Y esta Palabra se vuelve especialmente consoladora hoy, cuando nuestra intención orante es por los difuntos. Porque si Cristo es el Hijo vencedor, si el Padre lo ha glorificado, y si el Espíritu da testimonio de Él, entonces también nuestra esperanza respecto a los difuntos tiene un fundamento sólido. Nosotros no oramos por ellos desde la desesperación, sino desde la fe en Cristo resucitado.

Nuestros seres queridos han partido de este mundo, pero no han caído en la nada.
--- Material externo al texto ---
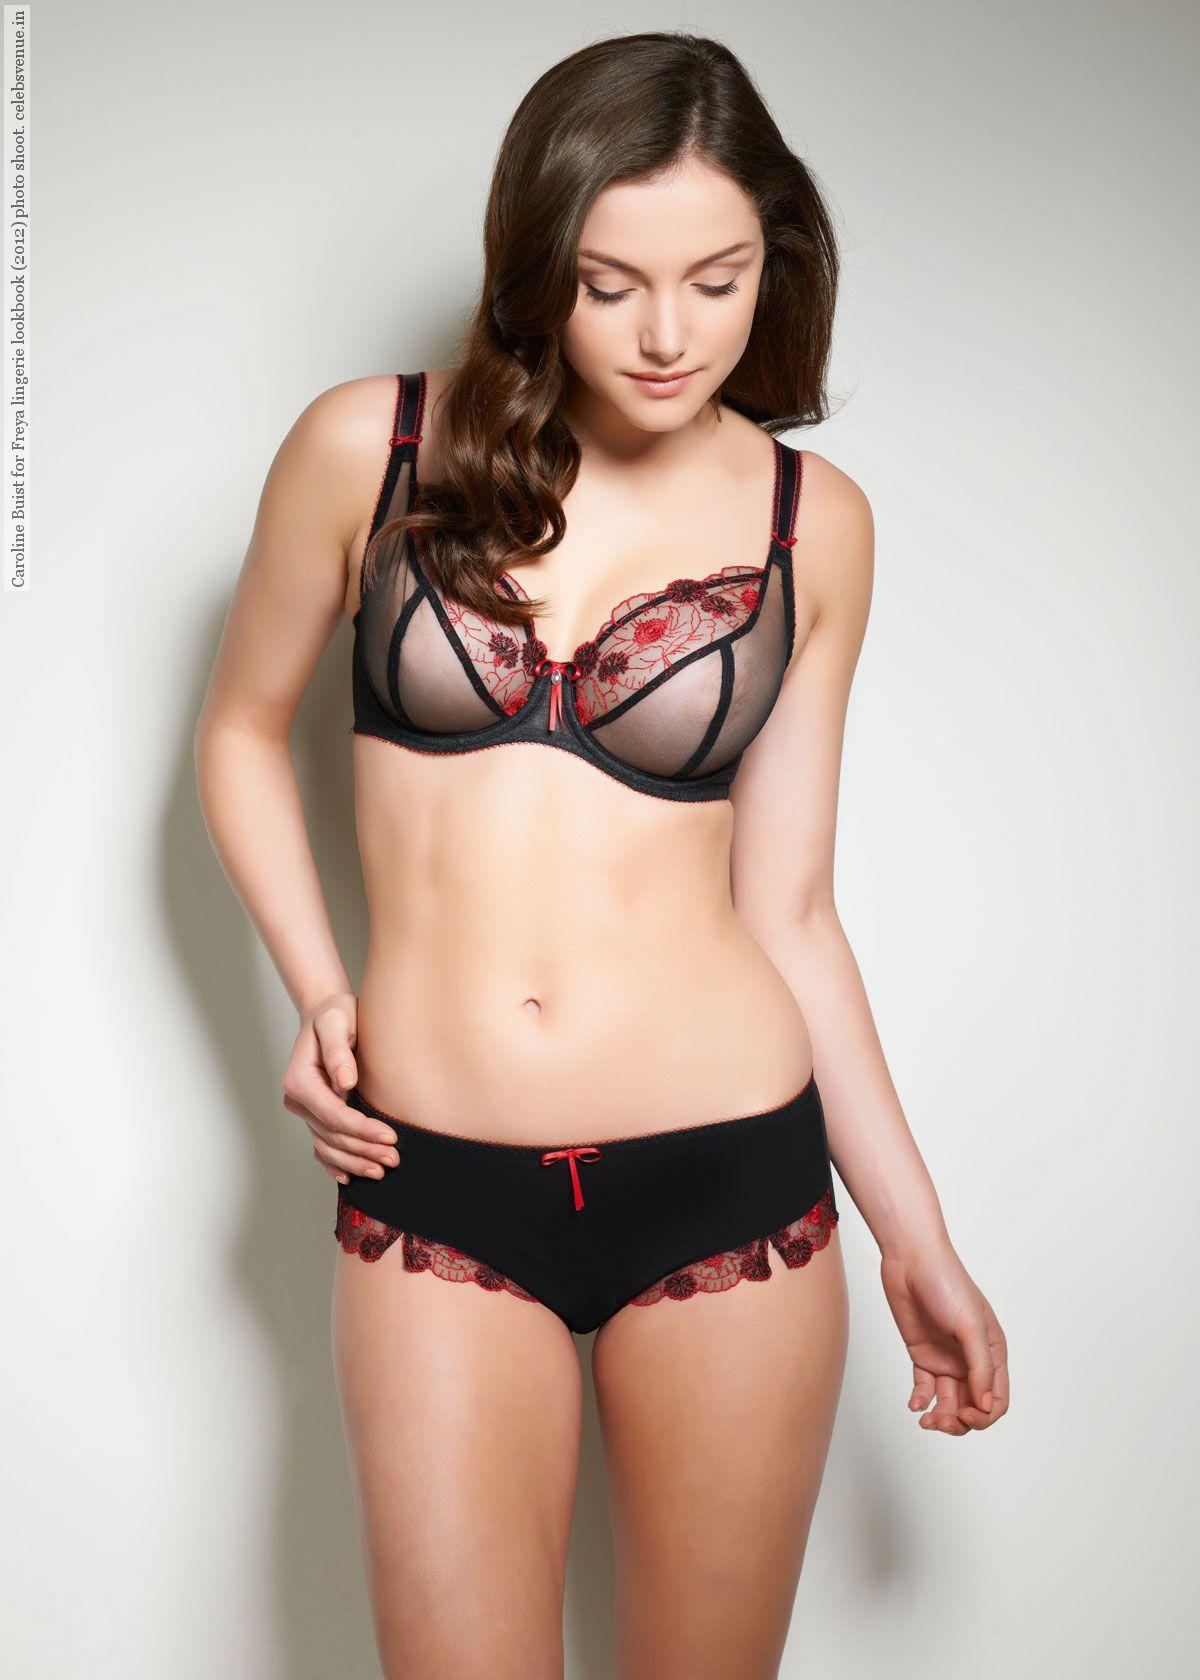 Caroline Buist

Han sido confiados a las manos del Padre. La muerte sigue siendo dolorosa para nosotros, pero ya no es una puerta cerrada sin salida. En Cristo, la muerte ha sido atravesada por la vida. En Cristo, la tumba no es el final. En Cristo, la esperanza sigue en pie.

Quizá hoy alguno lleva en el alma el peso de una ausencia, el recuerdo de una madre, de un padre, de un hermano, de un amigo, de un benefactor. Pues bien, la liturgia de hoy nos invita a poner ese dolor dentro del misterio de Dios. El Padre no abandona. El Hijo ha vencido la muerte. El Espíritu sigue consolando y sosteniendo a la Iglesia.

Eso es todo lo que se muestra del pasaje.